Got an opinion on noise walls? Drop an email to mpyke@dailyherald.com.

Your voice

"Route 53 procrastination doomed the northern suburbs," reader Bill Fanning said about the termination of a plan to extend Route 53 into Lake County. Although "I have lived in Lake County anxiously awaiting the extension for 30 years, it seems to me its usefulness has recently passed. More and more major employers are abandoning the suburbs and relocating to Chicago to be close to the talent pool. The young hires want a walkable community and public transportation to get them to their jobs. The suburbs don't provide that," Fanning said.

Gridlock alert

• Hopping onto the eastbound Jane Addams Tollway (I-90) from southbound Elmhurst Road? Not a good idea starting this week when the ramp will be closed into early August so workers can fix the pavement. Detours will be posted.
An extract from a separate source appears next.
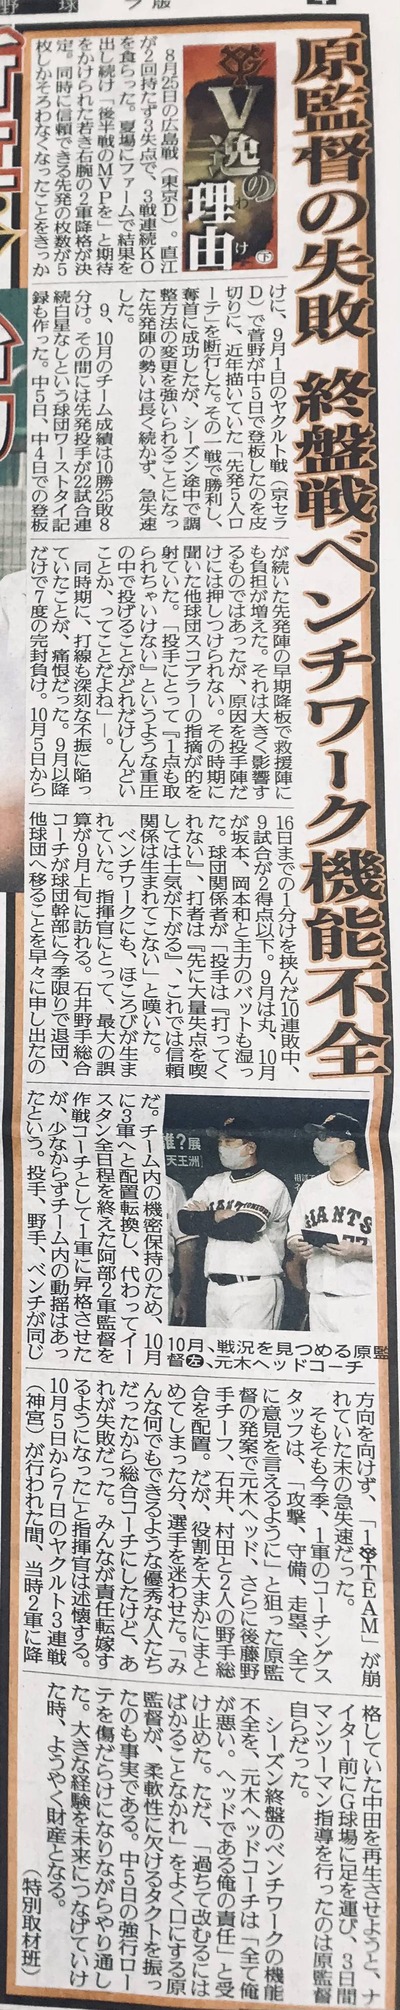 【速報】石井琢朗さん、シーズン中に退団を申し出ていた
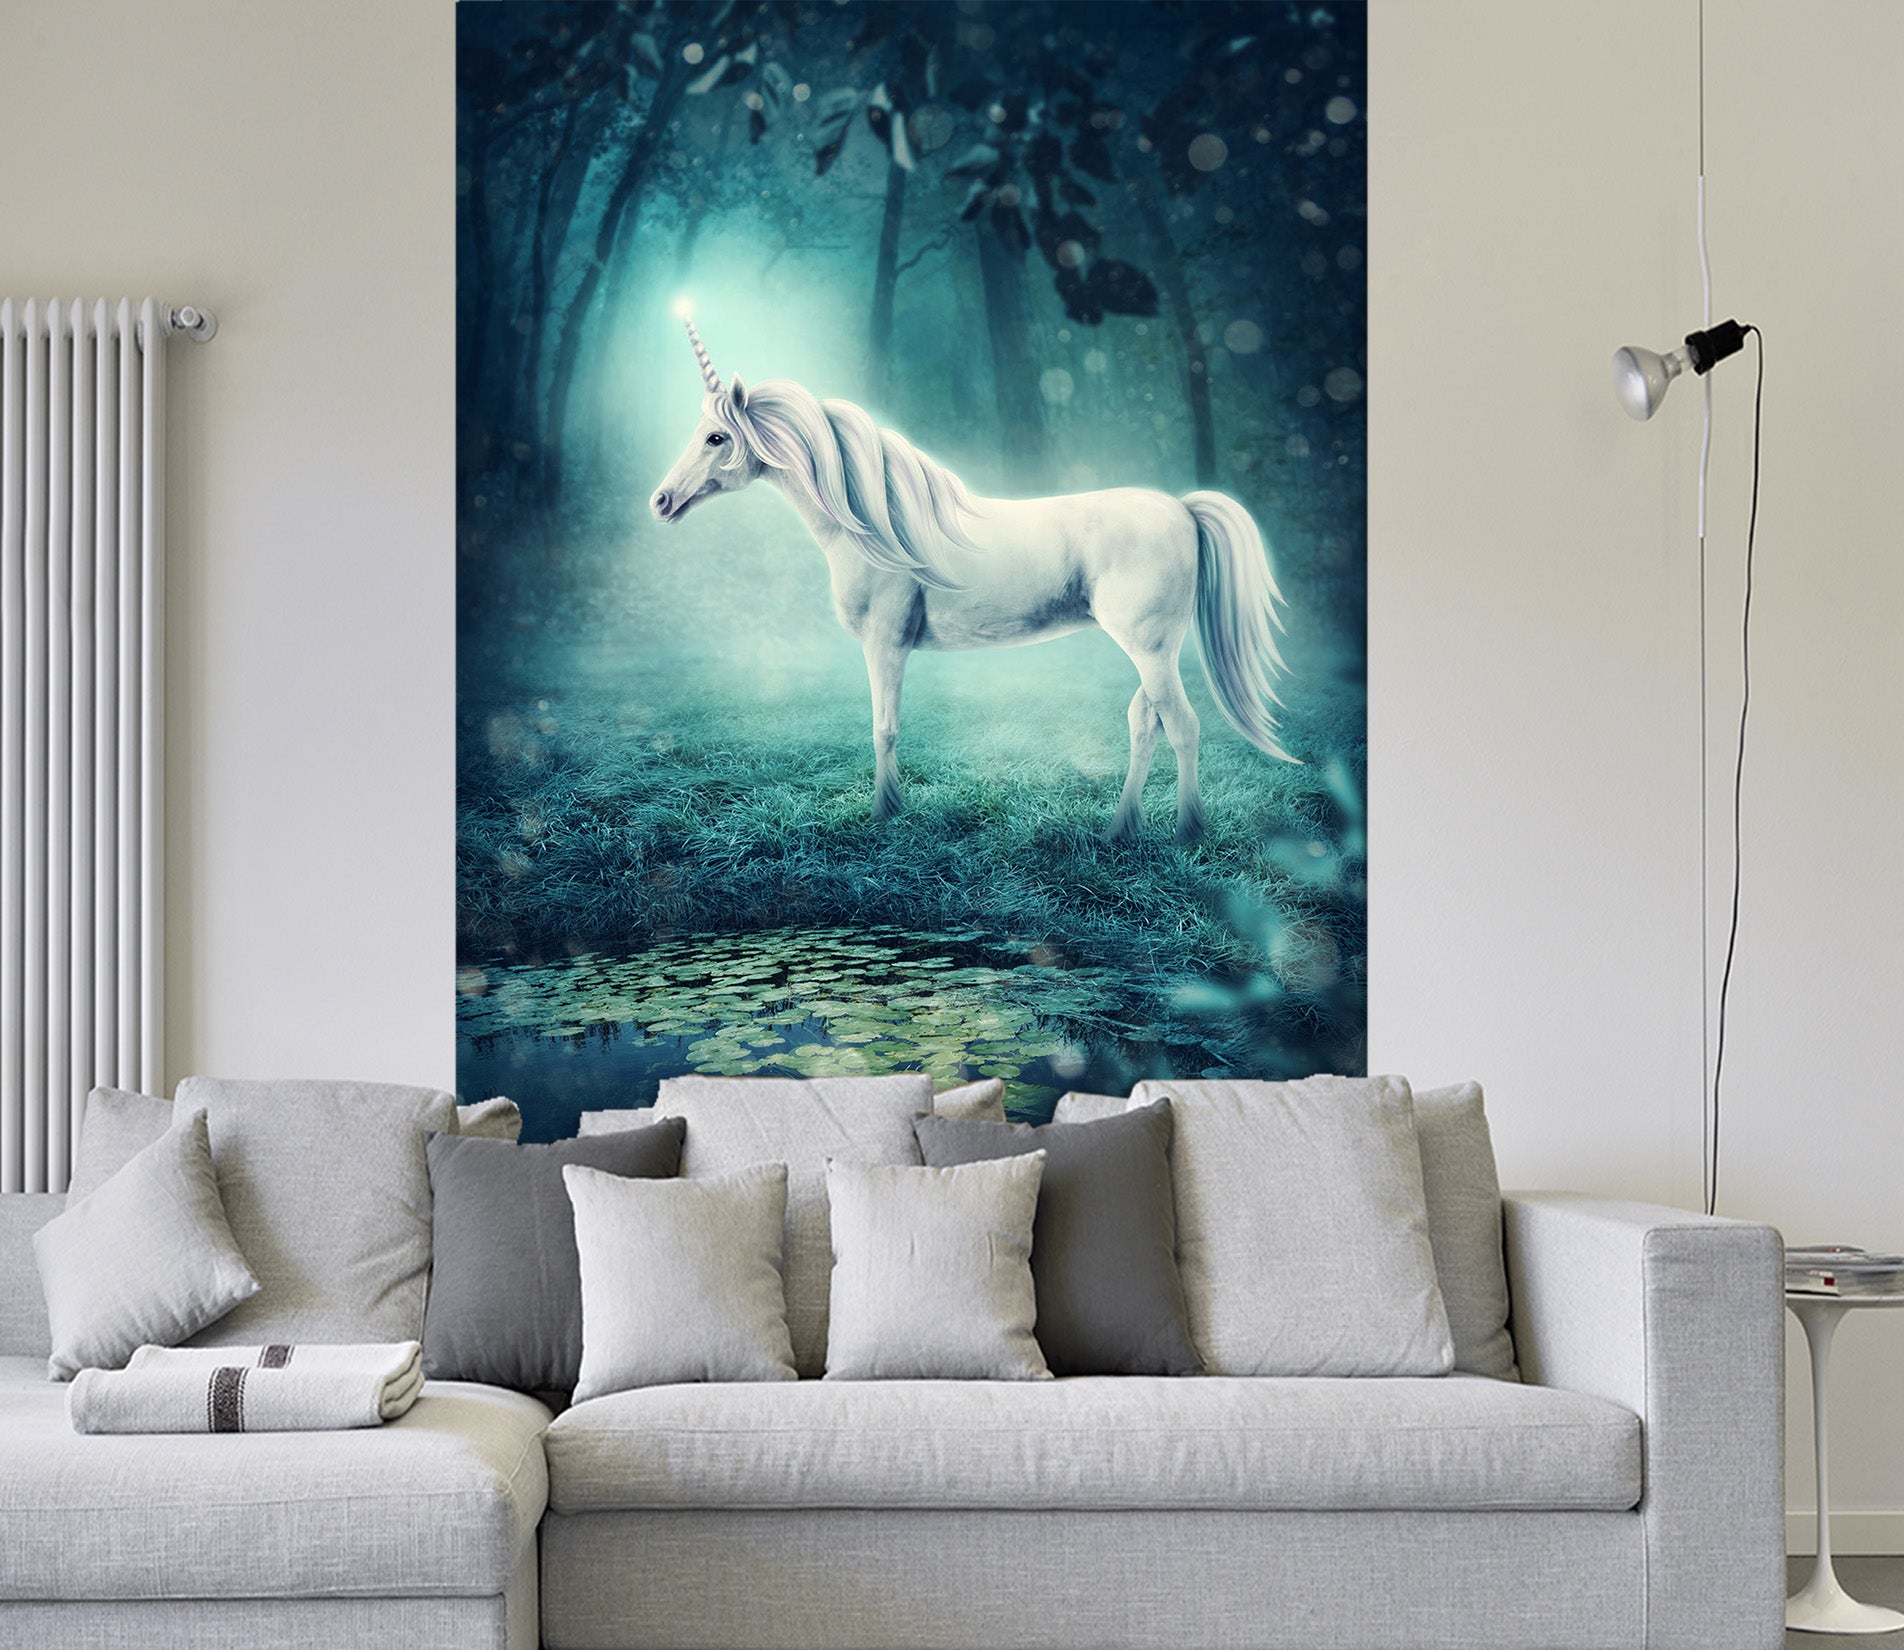 3D White Horse 1622 Wall Murals

• IDOT has delayed until August closing a section of Route 22 at Flint Creek in Lake Barrington to repair a culvert. We'll post construction dates when announced, but keep the pending closure in mind next month if headed to Advocate Good Shepherd Hospital, on the west of the roadwork.

Rock, roll and ride

Heading to Lollapalooza Aug. 1-4? Metra is selling a two-day train pass for $15, good for unlimited travel Thursday, Aug. 1, and Friday, Aug. 2 -- and it's $5 off if you purchase before Aug. 1.

Music fans going to the big show on the weekend can buy $10 weekend passes. Passes are available at ticket windows in stations or with the Ventra app.

Some trains will be added to accommodate crowds and schedules will be announced soon.